ExprIf (ExprEq (ExprVar a) (ExprInt 0)) 
       ExprRead 
       (ExprWrite (ExprVar b))

How you can write such a quasi-quoter was the topic of the previous blog post. You should however be able to read this blog post without having read the previous post; hopefully the mapping from the concrete syntax to the constructors of Expr is pretty obvious.

Simplifying assumption

Our goal will be to write a function

provable :: Expr -> Bool

Let’s consider some examples:

Note that this means that it’s perfectly possible for both an expression and the negation of that expression to be unprovable.

What about an expression !(n == 0 && n == 1)? Morally speaking, this expression should be provable. However, we will be making the following very important simplifying assumption:

provable is allowed to give up: when provable returns False, this should be interpreted as “failed to prove”, rather than “there exist a counterexample”.

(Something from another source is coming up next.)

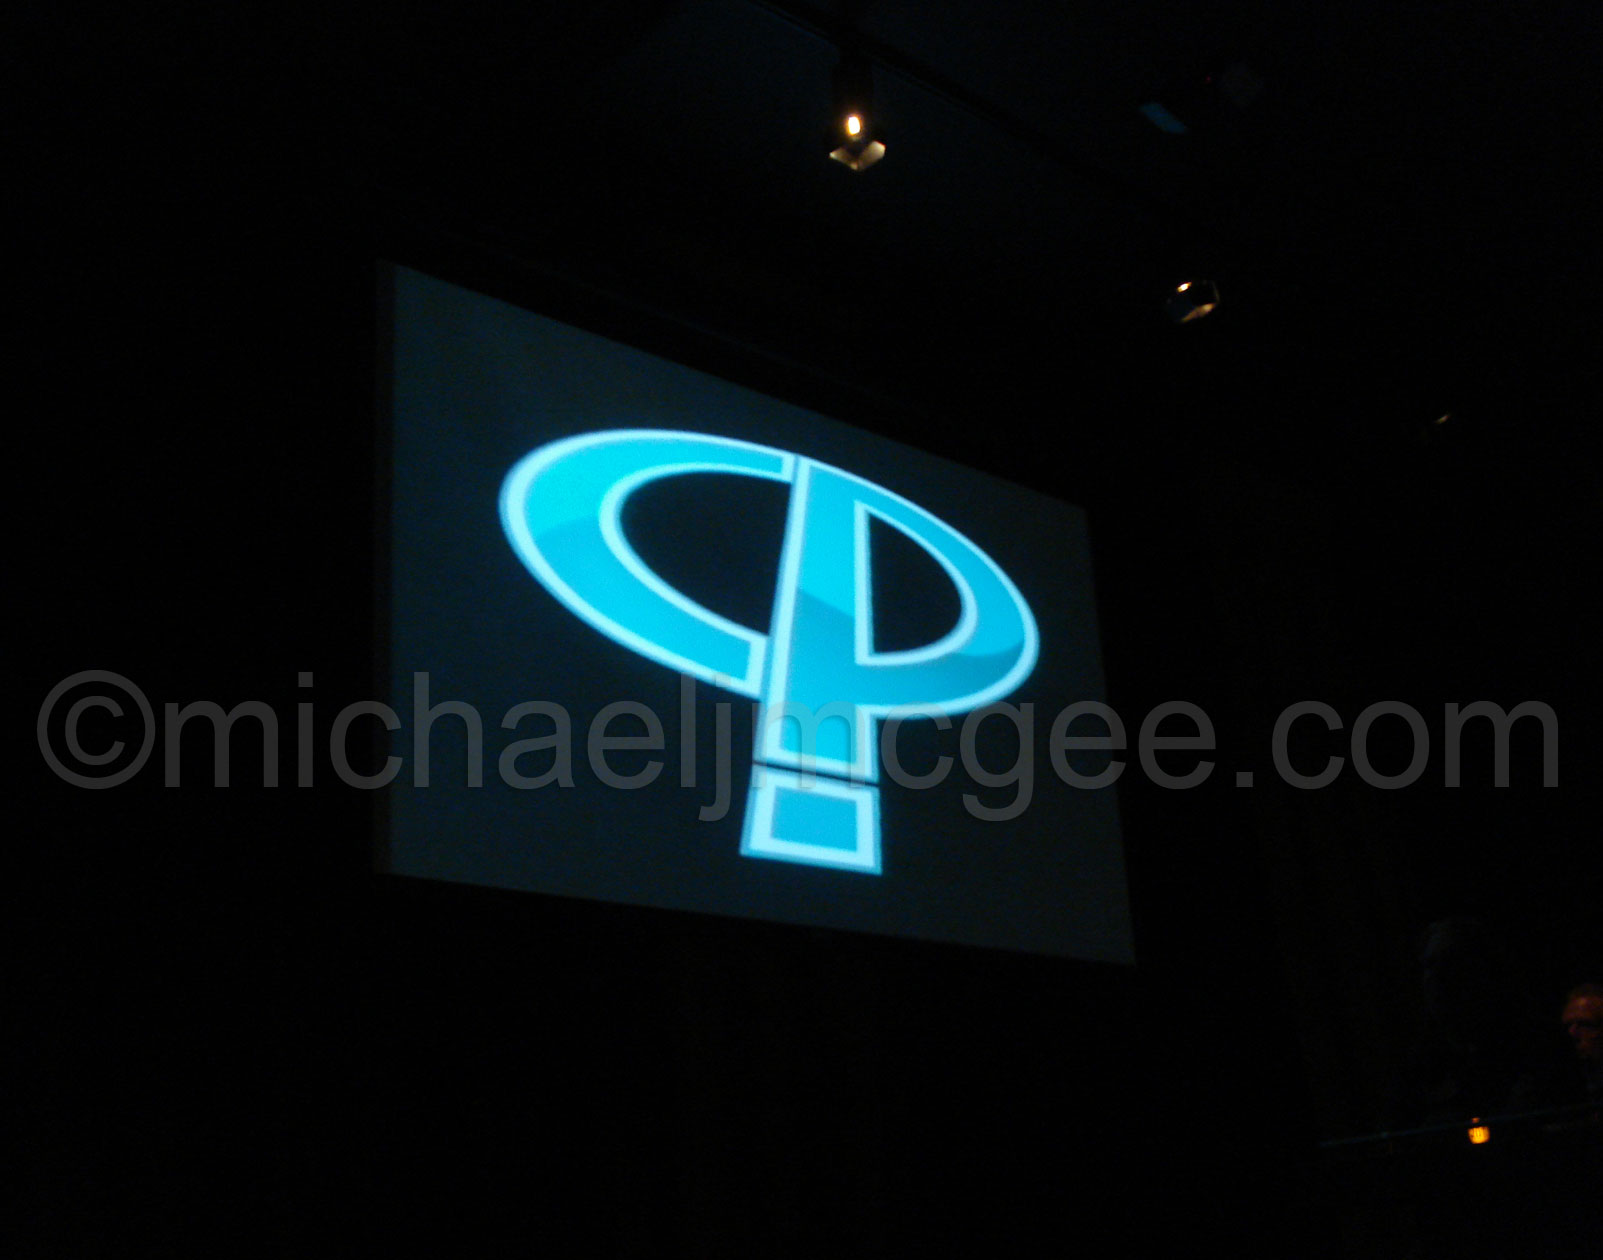 Carl Palmer / michaeljmcgee.com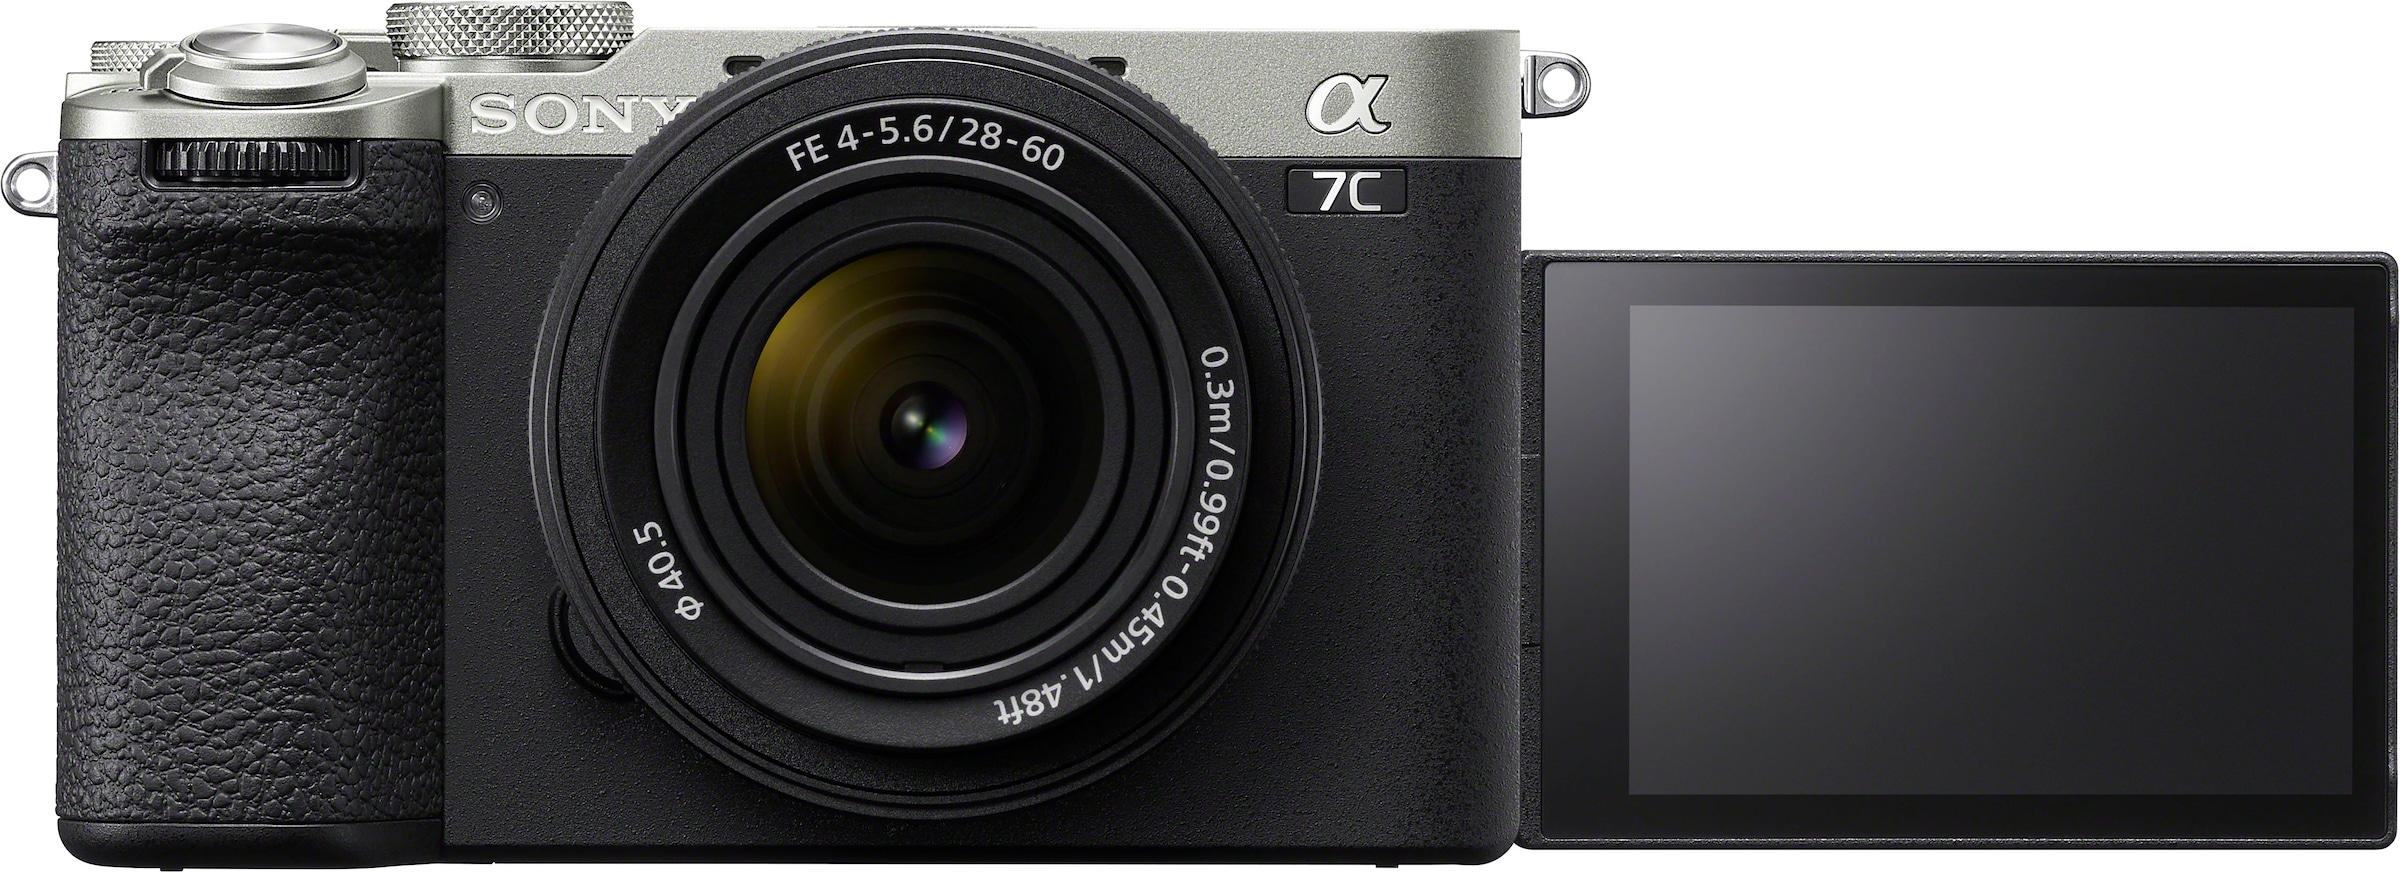 f4-5.6, MP, 33 Systemkamera FE Sony II«, online 2,1 28-60mm fachx »Alpha Bluetooth-WLAN-NFC 7C kaufen opt. Zoom,

From a compiler perspective, if something is not statically provable, that simply means that an optimization may not be applied even though it could: that is, we miss an opportunity to make the program go faster, but we will not break the code.

An evaluator

We don’t want (or need) to embed a full blown theorem prover into our compiler: ideally we write something simple that will still catch a lot of the common cases. Moreover, we would prefer to reuse as much of our existing compiler infrastructure as we can. Our optimizer is likely to contain an interpreter for the object language, so that we can attempt to statically evaluate expressions. We are going to adapt this interpreter so that we can also use it in our solver. In fact, as we shall see, the solver will be a one-liner.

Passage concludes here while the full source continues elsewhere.